A market in perpetual reinvention
Some pastas also contain other dried fruits: cashews, almonds, praline. Some producers add pieces of lace pancakes to give crispness in the middle of the creaminess of the dough. There are therefore dozens of spreads, chocolate or not, to the point that it is impossible to list them all and even less to give their precise composition.
In addition to the number of candidates, what further complicates the analysis are the incessant changes in the compositions: palm oil replaced by sunflower, reduction in sugar, replacement of sugar by exotic sugars (cane sugar, coconut blossom sugar, palm, etc.), increase in the percentage of dried fruits, change in the composition of dried fruits (hazelnuts, almonds, walnuts, peanuts and others).
Thus, the caloric value of a spread is very variable: from 275 kcal / 100 g for those who use starchy foods, to more than 600 kcal / 100g for their counterparts with predominantly lipid constituents (remember that 1g of carbohydrates provides 4 kcal, compared to 9 kcal per 1g of fat).
Concretely, what can a sandwich give in terms of calorie intake?
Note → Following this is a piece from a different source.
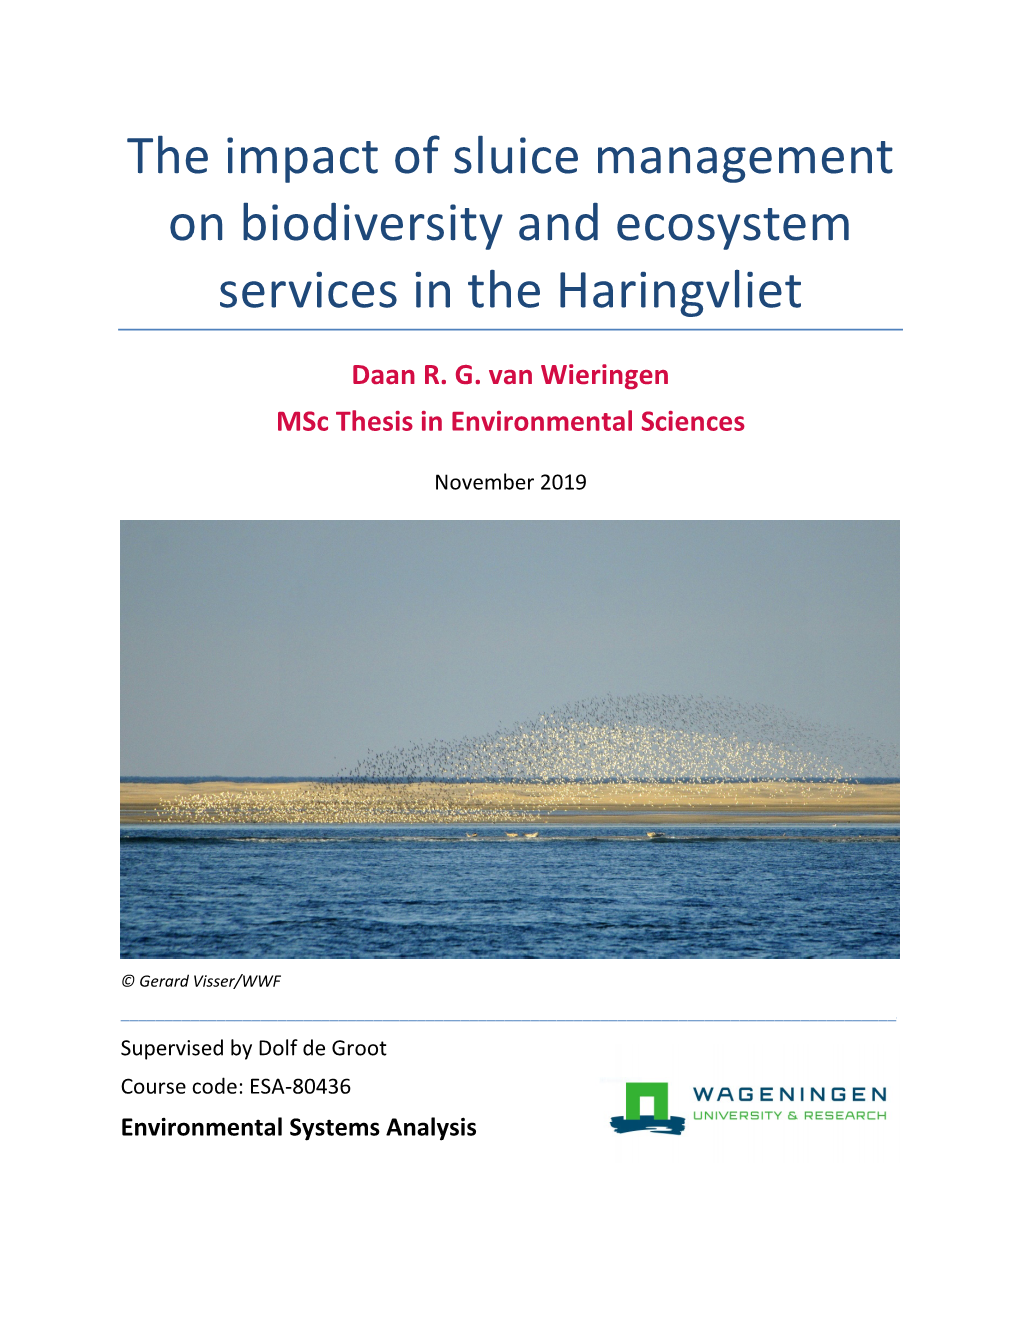 The Impact of Sluice Management on Biodiversity and Ecosystem Services in the Haringvliet

Bread remains the most suitable complement to the spread, because it provides between 260 and 280 kcal per 100g (a baguette is 250g); wholemeal bread is a little less caloric and provides more fiber (240-245 kcal). As for the spoonful of chocolate spread (15g for a teaspoon), its caloric intake varies according to its composition – count 80 kcal per spoonful for the market leader.
Two slices of bread with a spoonful for each slice of bread (ie 60g of bread and 30g of dough) + a glass of milk or yogurt and a piece of fruit constitutes a so-called “continental” breakfast which is rather low in protein, but acceptable.
In conclusion, there is no lasting recommendation possible: read the labels to compare the list of ingredients for your spreads. However, you should try to avoid the most caloric if you are a heavy consumer. Also prefer pasta with few ingredients, no added oil or additives (powdered milk, lecithin). For example, those giving pride of place to simple ingredients: cocoa and sugar from fair trade and organic, dried fruits other than hazelnuts from indicated origin (almonds, walnuts, cashews, etc.) and with a high content of oleaginous fruits.